Battleaxe - Heavy Metal Sanctuary

Posted on Tuesday, September 16, 2014

It’s been ages since I’ve heard Battleaxe. They were a band that had cult status here in the US, but they never got beyond that point before they broke up. Most Metal fans here never heard of them. I had some knowledge of them because I loved obscure Metal releases even back in the early ’80s. I’d spend my hard earned allowance on tapes whenever I could, amassing a fair sized collection of Metal albums in the process. Most of the bands in my collection at the time were oddball releases that were chosen mostly by how cool the cover art was or how Metal the band name sounded, owing largely to the fact that none of my friends at the time listened to anything heavier than Journey. It was a hit or miss way of finding new bands, but without it, I would have probably never heard of half of the groups that I regularly listened to back then. Like many of the bands from that era, Battleaxe has a sound that most modern fans wouldn’t even consider Metal. Listened to with a modern ear, stuff like Battleaxe, Witchfinder General, Saxon and many others would be classified as Hard Rock. The guitar-work is hard driving, but still possessing melody and plenty of catchy hooks and rhythms that get your head banging right away. Dave King, the sole remaining original member, hasn’t changed much when it comes to the band’s sound.
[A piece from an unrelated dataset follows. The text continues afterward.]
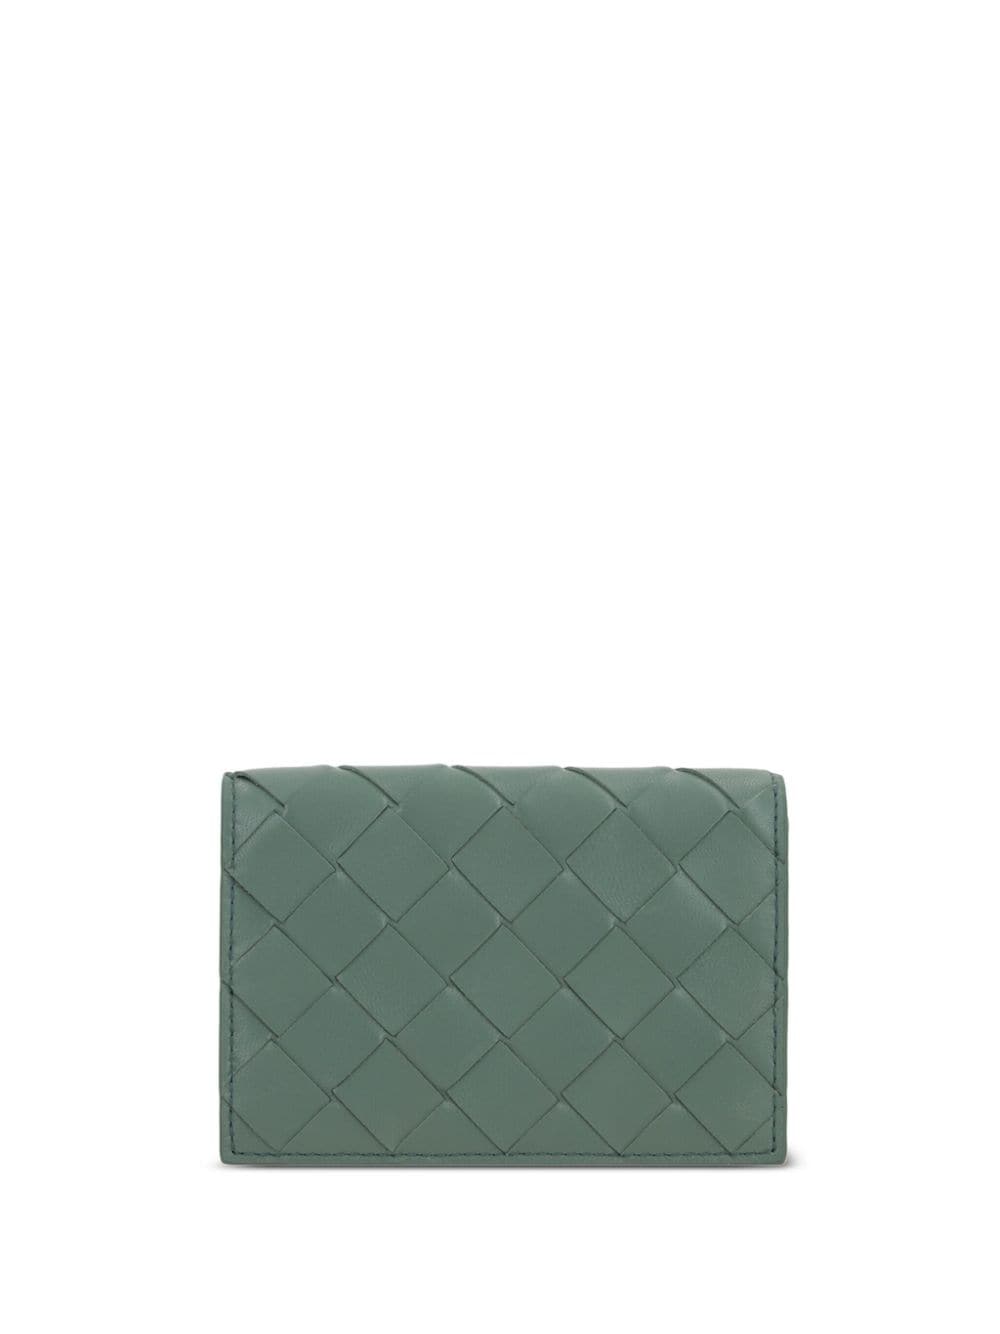 Bottega Veneta Intrecciato Leather Cardholder In Green

In this case, he would have been a fool to mess with the formula, because the main draw is this band’s NWOBHM bloodline. He’s modernized the lyrics a bit, but for the most part, this could have easily been a remastered recording from 1985. For me, this LP was a nostalgia thing. I still love listening to old-school Heavy Fucking Metal once in a while because it reminds me why I started listening to this kind of music in the first place. Heavy Metal Sanctuary still has that Hard Rock/Heavy Metal style infused with some Punk energy that I remember from the days of Di’Anno-era Iron Maiden, old Saxon and many others from that period. It’s a bit on the campy side, but this is a very fun listen. Fans of NWOBHM, ’70s Hard Rock or early Metal (Dio’s Holy Diver, early Metal Church or Judas Priest) will get the most enjoyment out of it. If you’re looking for brutality and soul-tearing evil music, you’re probably going to be disappointed.